NOTEJust do not immediately use this example when implementing your own iterators or other auxiliary classes. The use of structures is an optimization in itself, the use of variable structures is a very serious decision, so you should be very clear on what benefits you get that you are ready to sacrifice security so much.
A small addition: why do I need to call Dispose ?
Another feature of
foreach loop implementation is that it calls the
Dispose method of the iterator. Below is a simplified version of the code generated by the compiler when iterating through the
list variable in a
foreach loop :
{ var enumerator = list.GetEnumerator(); try { while(enumerator.MoveNext()) { int current = enumerator.Current; Console.WriteLine(current); } } finally { enumerator.Dispose(); } }
There may be a reasonable question about where the iterator can have managed resources? Well, yes, when sorting a collection in memory, it’s really not from where, but you shouldn’t forget that enumerators in C # can be used not only as iterators for collections in memory; No one bothers us to make an iterator that returns the contents of the file line by line:
public static class FileEx { public static IEnumerable<string> ReadByLine(string path) { if (path == null) throw new ArgumentNullException("path"); return ReadByLineImpl(path); } private static IEnumerable<string> ReadByLineImpl(string path) { using (var sr = new StreamReader(path)) { string s; while ((s = sr.ReadLine()) != null) yield return s; } } } foreach(var line in FileEx.ReadByLine("D:\\1.txt")) { Console.WriteLine(line); }
So, we have the
ReadByLine method in which we open the file, which is definitely a resource and closes ... when? Obviously not every time the control leaves the
ReadByLineImpl method, because then I will close it as many times as there are lines in this file.
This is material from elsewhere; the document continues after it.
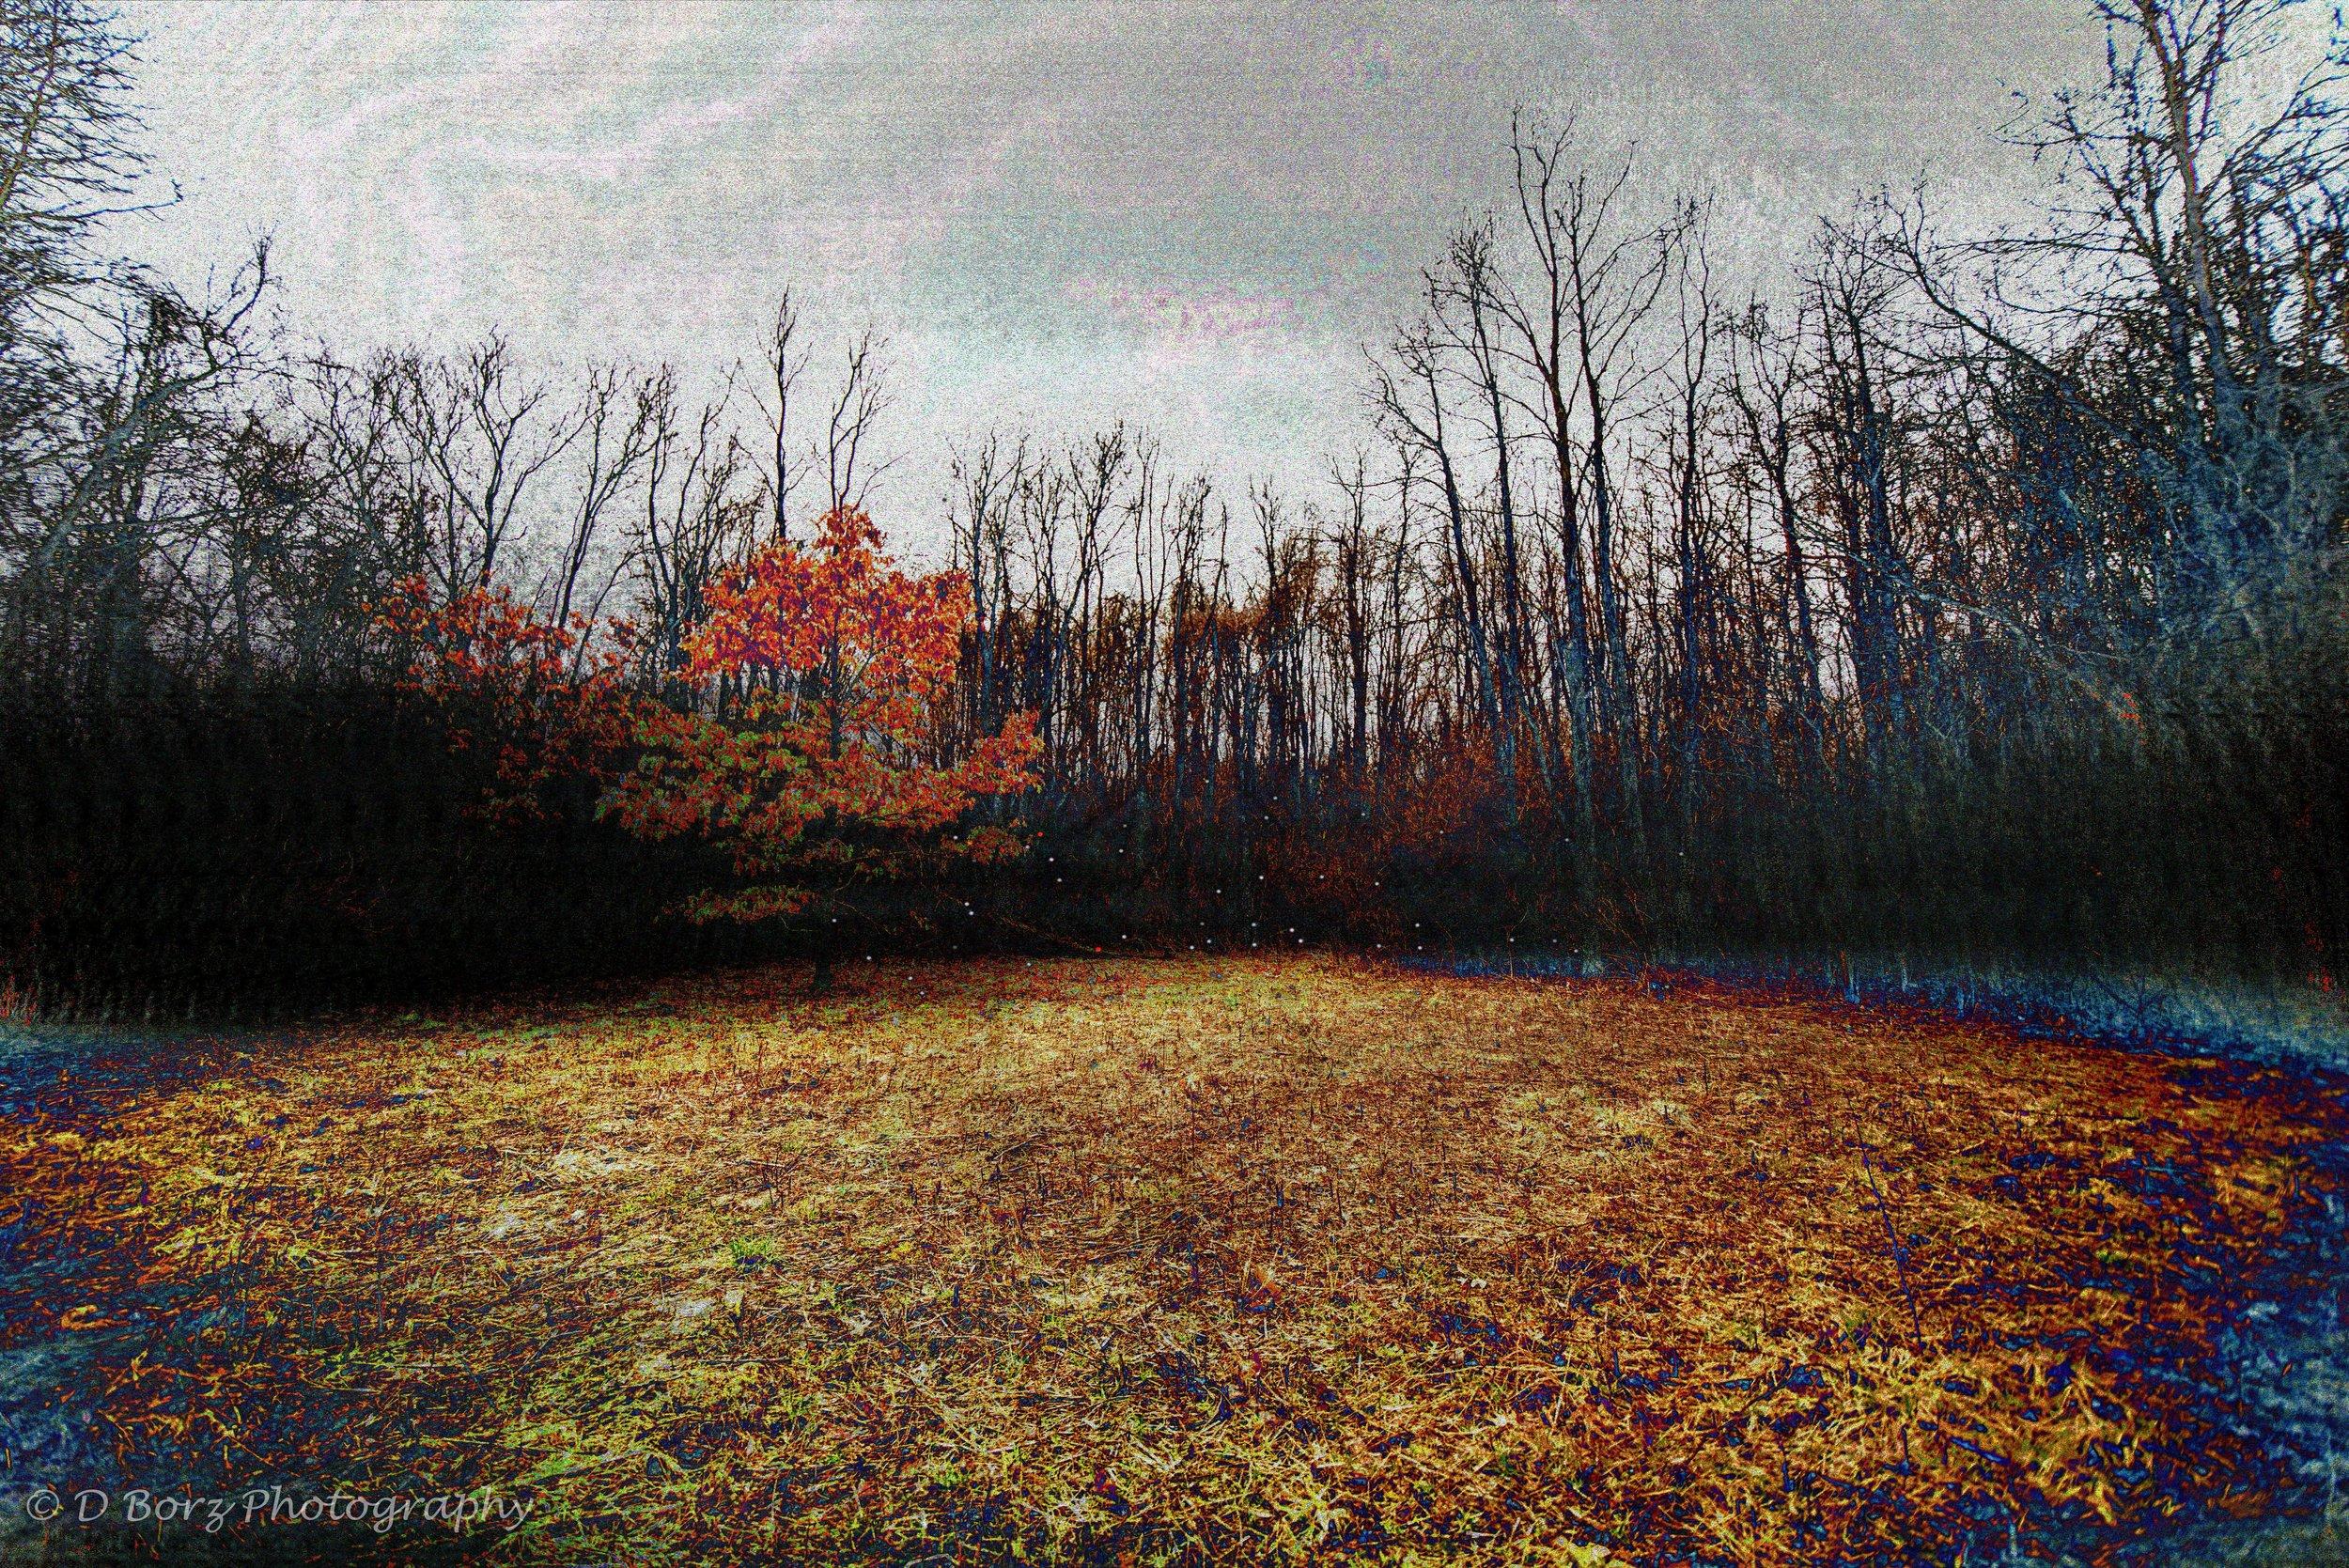 borzkowski_d_soundscape-22.jpg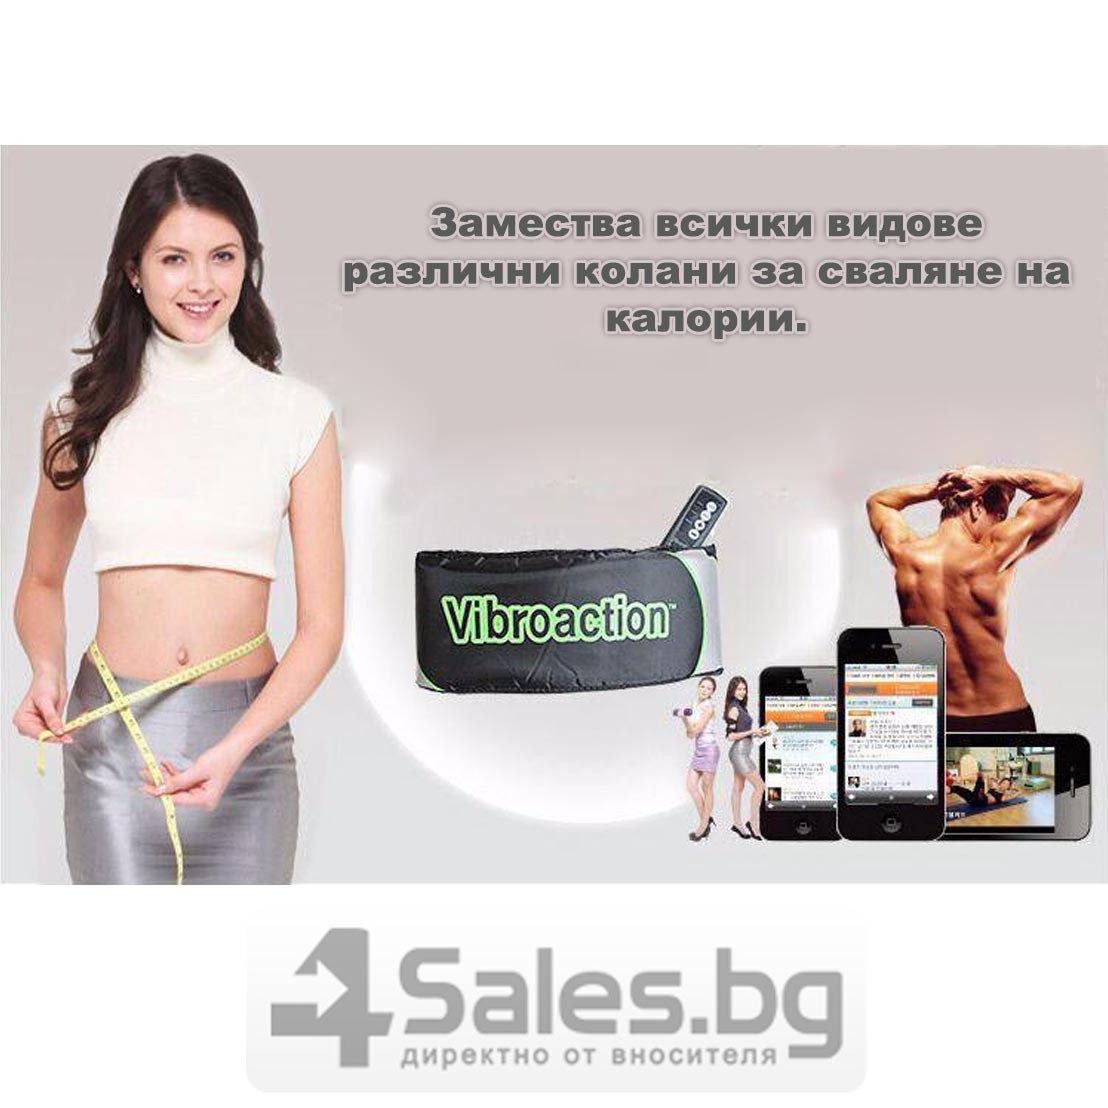 Вибромасажен колан – Vibroaction tv78 19

In fact, the file will be closed once, just when you call the
Dispose method of the iterator, which occurs in the
finally block of the
foreach loop . This is one of those rare cases on the .NET platform, where the
finally block is not automatically called, but called exclusively by handles. So if you suddenly iterate over a certain sequence manually, you should not forget that the iterator can still contain resources, and it would be very nice to clear them with the help of an explicit call to the
Dispose method of the iterator.
NOTEYou can read more about iterators in C # in the article ...
Iterators in C #.ZY And who can immediately answer this question: why do I need two methods
ReadByLine and
ReadByLineImpl , why don't I use only one method?
ZYY.Y. By the way, the
foreach block is not the only example of duck typing in C #, and how many more examples can you remember?